Entity
Jiujiang Yanshui Pavilion
Jiujiang, Jiangxi, China
Gantang Lake holds the Yanshui Pavilion in its center, an island structure that acts less like a building and more like a vessel anchored in the city’s memory. The white walls and flying eaves reflect clearly in the water, presenting an image of Southern Chinese garden tranquility.
Yet, the ground beneath these leisure spaces has a harder history. Legend places this site as the Dianjiang Tai, the command platform where General Zhou Yu trained his naval forces during the Three Kingdoms period. The view that now frames willows and distant city lights once looked out upon rows of warships preparing for the existential clash at Red Cliffs.
Time and poetry transformed this military outlook. In the Tang Dynasty, the exiled poet Bai Juyi stood here, struck by the way the fog settled over the lake surface, and christened it the "Pavilion of Mist and Water." This literary intervention redefined the space.
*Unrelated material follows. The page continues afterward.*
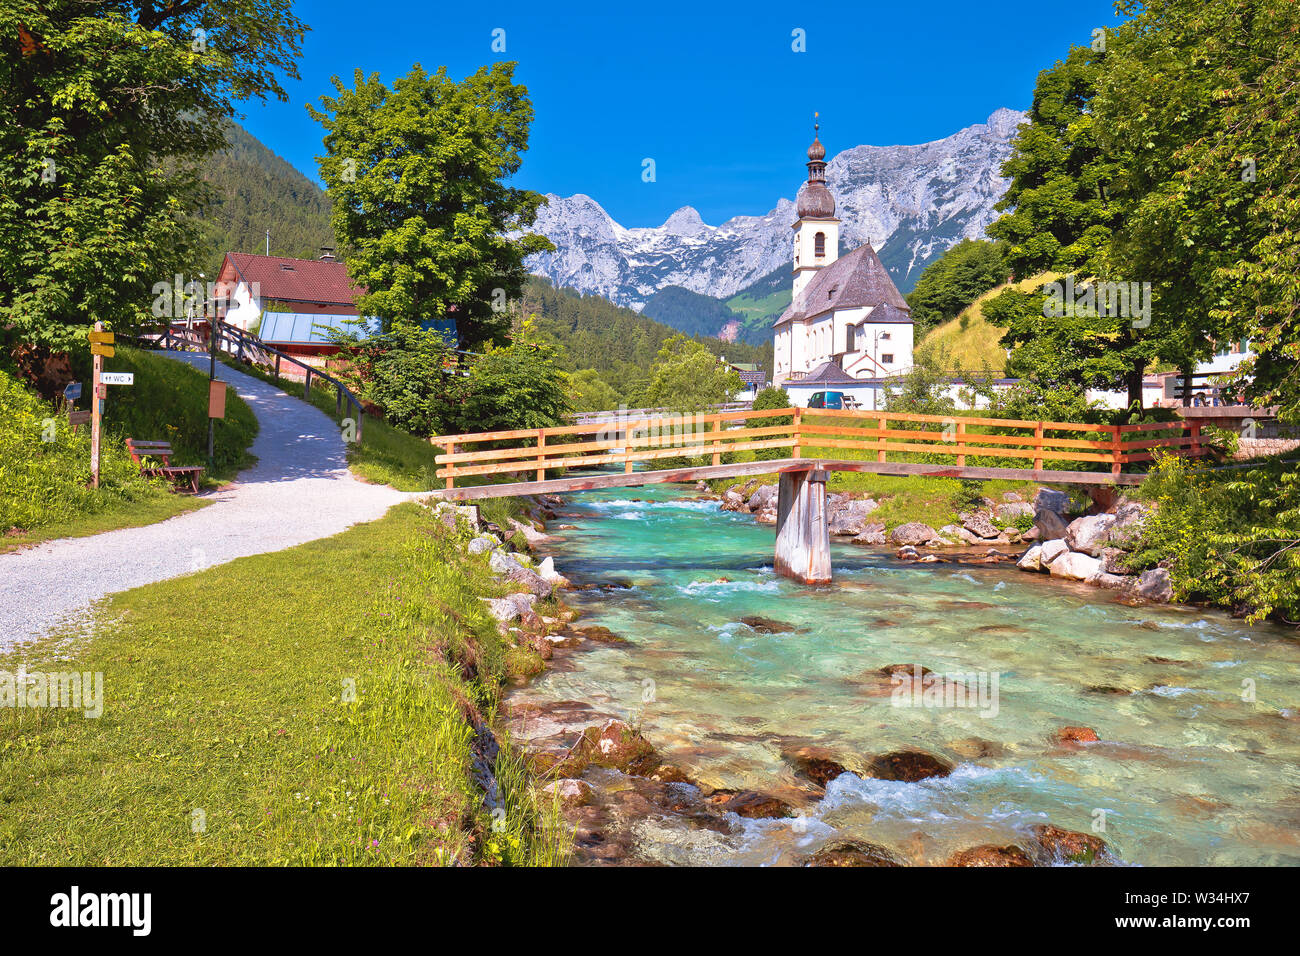 Sankt Sebastian pilgrimage church with alpine turquoise river alpine landscape view, Ramsau, Nationalpark Berchtesgadener Land, Bavaria, Germany Stock Photo

A nine-twist bridge now links the shore to the island, forcing visitors to slow their approach and observe the shifting angles of the architecture. Inside, the complex functions as a series of compact, interconnected spaces—halls, shrines, and terraces—that turn inward toward private courtyards while borrowing the expansive scenery of the lake.
The structure survives as a physical anthology of Jiujiang, preserving the tension between the drum of war and the silence of the scholar’s brush.